IndexBlockIter* Block::NewIndexIterator(
const Comparator* raw_ucmp, SequenceNumber global_seqno,
IndexBlockIter* iter, Statistics* /*stats*/, bool total_order_seek,
bool have_first_key, bool key_includes_seq, bool value_is_full,
bool block_contents_pinned, BlockPrefixIndex* prefix_index) {
IndexBlockIter* ret_iter;
if (iter != nullptr) {
ret_iter = iter;
} else {
ret_iter = new IndexBlockIter;
}
if (size_ < 2 * sizeof(uint32_t)) {
ret_iter->Invalidate(Status::Corruption("bad block contents"));
return ret_iter;
}
if (num_restarts_ == 0) {
// Empty block.
ret_iter->Invalidate(Status::OK());
return ret_iter;
} else {
BlockPrefixIndex* prefix_index_ptr =
total_order_seek ? nullptr : prefix_index;
ret_iter->Initialize(raw_ucmp, data_, restart_offset_, num_restarts_,
global_seqno, prefix_index_ptr, have_first_key,
key_includes_seq, value_is_full,
block_contents_pinned);
}
return ret_iter;
}
Seek
BlockBasedTableIterator::Seek 的实现如下,我们只保留主干路径:
- 如果条件允许,检查 prefix bloom filter 是否匹配,如果不匹配可以直接返回无效迭代器,跳过后续的 IO 操作
- 用索引进行 Seek,不同索引类型对应不同 read,如
BinarySearchIndexReader、HashIndexReader、PartitionIndexReader,最常见的BinarySearchIndex最终会调用IndexBlockIter::Seek - 根据索引查找结果,决定是否要读取 data block
void BlockBasedTableIterator::SeekImpl(const Slice* target,
bool async_prefetch) {
// ...
// 如果可以用前缀匹配进行判断,且前缀的确不匹配,可以将 Iterator 置为无效,并直接返回
if (target && !CheckPrefixMayMatch(*target, IterDirection::kForward)) {
ResetDataIter();
return;
}
bool need_seek_index = true;
// ...
// 一些情况下 need_seek_index 可以设置为 false
if (need_seek_index) {
if (target) {
index_iter_->Seek(*target);
} else {
index_iter_->SeekToFirst();
}
if (!index_iter_->Valid()) {
ResetDataIter();
return;
}
}
IndexValue v = index_iter_->value();
const bool same_block = block_iter_points_to_real_block_ &&
v.handle.offset() == prev_block_offset_;
if (...) {
// ...
// 一些情况下,根据索引查找结果就不需要再读取 data block
ResetDataIter();
} else {
// Need to use the data block.
if (!same_block) {
if (read_options_.async_io && async_prefetch) {
// ...
// async io优化
} else {
// 初始化data block
InitDataBlock();
}
} else {
// ...
CheckDataBlockWithinUpperBound();
}
// 读取data block
if (target) {
block_iter_.Seek(*target);
} else {
block_iter_.SeekToFirst();
}
FindKeyForward();
}
CheckOutOfBound();
if (target) {
assert(!Valid() || icomp_.Compare(*target, key()) <= 0);
}
}
- 前缀布隆过滤器匹配
check_filter_ 就是指是否要检查 prefix bloom filter 匹配,即 BlockBasedTable::NewIterator 构造的第五个参数,当 total_order_seek 为 true 且 prefix_extractor 不为空时,就可以通过 SST 文件中的前缀布隆过滤器进行检查。
bool CheckPrefixMayMatch(const Slice& ikey, IterDirection direction) {
if (need_upper_bound_check_ && direction == IterDirection::kBackward) {
// Upper bound check isn't sufficient for backward direction to
// guarantee the same result as total order, so disable prefix
// check.
return true;
}
if (check_filter_ && !table_->PrefixRangeMayMatch(
ikey, read_options_, prefix_extractor_,
need_upper_bound_check_, &lookup_context_)) {
// TODO remember the iterator is invalidated because of prefix
// match.

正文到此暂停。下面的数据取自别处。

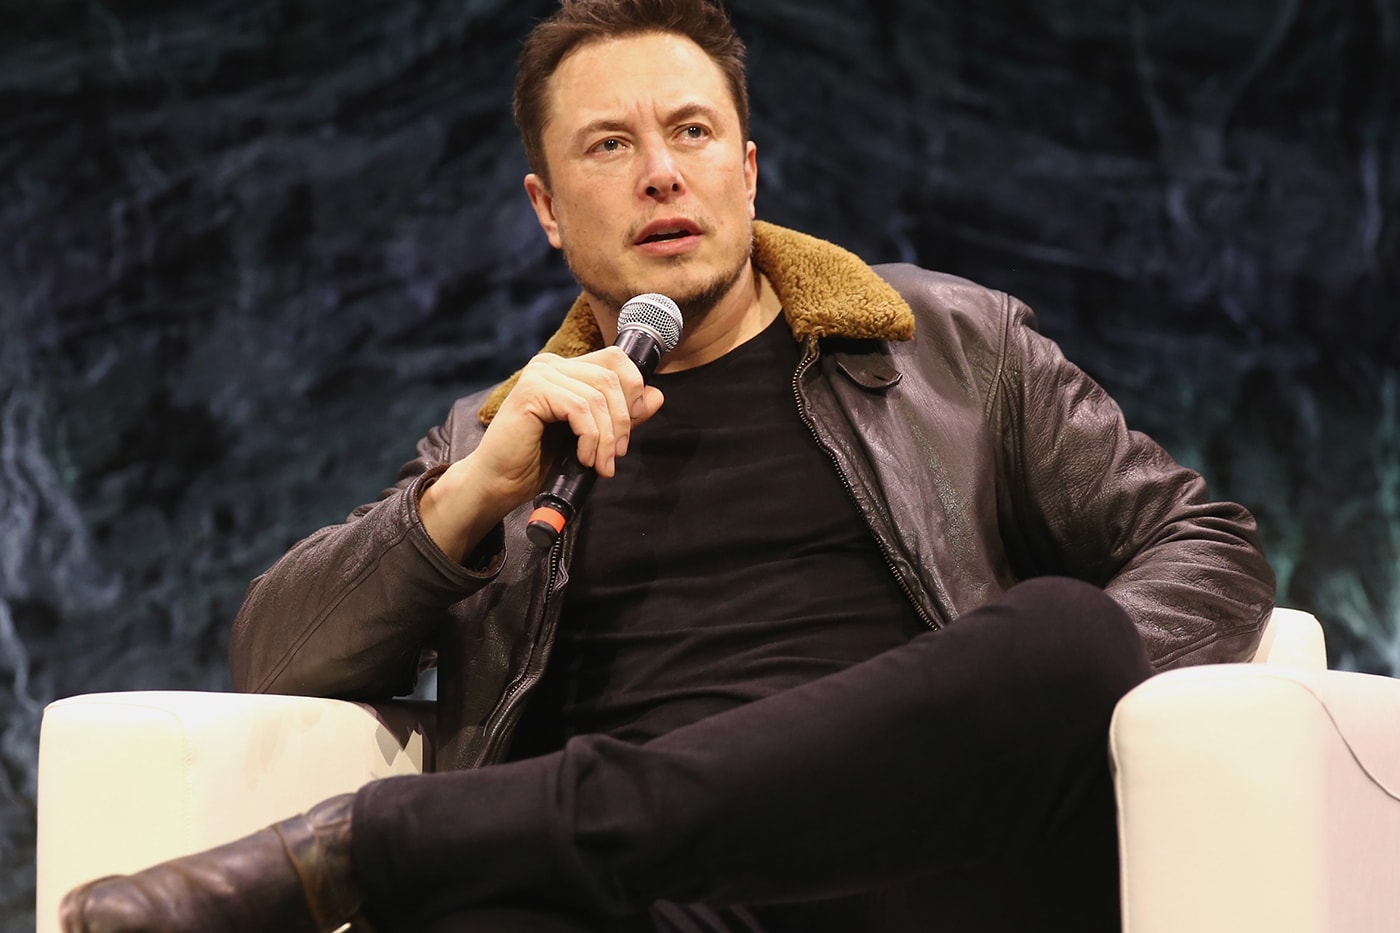 Elon Musk Asperger's syndrome 'Saturday Night Live' Reveal News monologue Dan Aykroyd snl

This can avoid the upper level file iterator to falsely
// believe the position is the end of the SST file and move to
// the first key of the next file.
ResetDataIter();
return false;
}
return true;
}
相关代码很多,这里只把调用逻辑列出:
BlockBasedTable::PrefixRangeMayMatch
-> FilterBlockReaderCommon<TBlocklike>::RangeMayExist
-> FullFilterBlockReader::PrefixMayMatch
-> FullFilterBlockReader::MayMatch
-> FastLocalBloomBitsReader::MayMatch
- 读取 index block,实际就是对 index block 进行二分查找
void IndexBlockIter::SeekImpl(const Slice& target) {
TEST_SYNC_POINT("IndexBlockIter::Seek:0");
PERF_TIMER_GUARD(block_seek_nanos);
if (data_ == nullptr) { // Not init yet
return;
}
Slice seek_key = target;
if (raw_key_.IsUserKey()) {
seek_key = ExtractUserKey(target);
}
status_ = Status::OK();
uint32_t index = 0;
bool skip_linear_scan = false;
bool ok = false;
if (prefix_index_) {
bool prefix_may_exist = true;
ok = PrefixSeek(target, &index, &prefix_may_exist);
if (!prefix_may_exist) {
// This is to let the caller to distinguish between non-existing prefix,
// and when key is larger than the last key, which both set Valid() to
// false.
current_ = restarts_;
status_ = Status::NotFound();
}
// restart interval must be one when hash search is enabled so the binary
// search simply lands at the right place.
skip_linear_scan = true;
} else if (value_delta_encoded_) {
ok = BinarySeek<DecodeKeyV4>(seek_key, &index, &skip_linear_scan);
} else {
ok = BinarySeek<DecodeKey>(seek_key, &index, &skip_linear_scan);
}
if (!ok) {
return;
}
FindKeyAfterBinarySeek(seek_key, index, skip_linear_scan);
}
- 初始化 data block iterator
void BlockBasedTableIterator::InitDataBlock() {
BlockHandle data_block_handle = index_iter_->value().handle;
if (!block_iter_points_to_real_block_ ||
data_block_handle.offset() != prev_block_offset_ ||
// if previous attempt of reading the block missed cache, try again
block_iter_.status().IsIncomplete()) {
if (block_iter_points_to_real_block_) {
ResetDataIter();
}
auto* rep = table_->get_rep();
bool is_for_compaction =
lookup_context_.caller == TableReaderCaller::kCompaction;
// Prefetch additional data for range scans (iterators).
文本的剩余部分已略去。